In fact, at the Department of Homeland Security (DHS) the initial market research described above has helped create an industry base of 15,000 current contractors 11,000 of which are small and medium sized business. Each year over 3,000 new companies win a contract with the Department. This ensures that the Department has a highly competitive marketplace that is constantly competing to meet mission objectives and win contract awards. Although the Government incurs additional labor costs to perform the market research the cost savings from the robust market place and constant competition is tremendous. Furthermore, the companies that survive in the marketplace have a keen understanding of the mission and how to achieve it at the lowest cost. At DHS, performance metrics include rate of competition on each individual procurement ( 76% in FY 12) and operational cost savings (approximately $330M from strategic sourcing alone).
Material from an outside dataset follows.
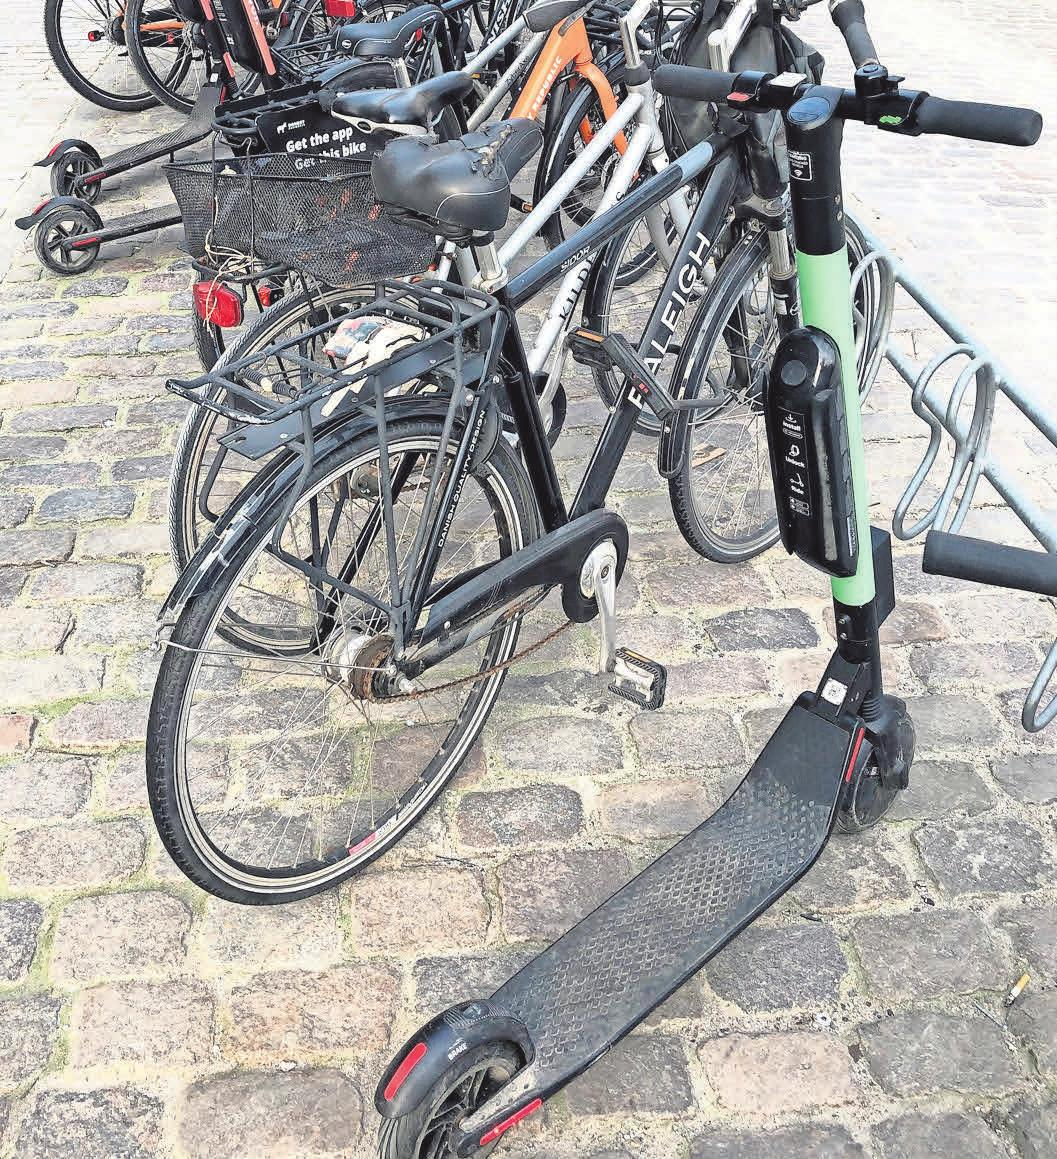 Konkurrenten: Velos und E-Scooter. FOTO: STEFFEN TRUMPF/DPA

The interesting point here is that the level of competition is so high that contracts tend to be awarded to industry partners that have determined the best way to meet the mission at the lowest cost. This is much different than the goal of helping a corporation maximize shareholder wealth. In the public sector (many times in my experience) we are contracting for services that would normally be an individual company’s competitive advantage. Meaning that many of the contracts we write are to perform a service that many companies would never outsource.
The survey results posted above seem to indicate that public sector professionals do not value competition as a way to minimize operating costs. However, I believe public sector procurement professionals value competition just as much and work in a more complex environment that challenges them to think beyond a single value proposition (maximizing shareholder wealth).
I am wondering if the way the question is written generated misunderstanding. If not, then I believe we need to resuscitate the discussion around minimizing operating costs and promoting competition to ensure that public sector employees understand how valuable this can be. Thoughts?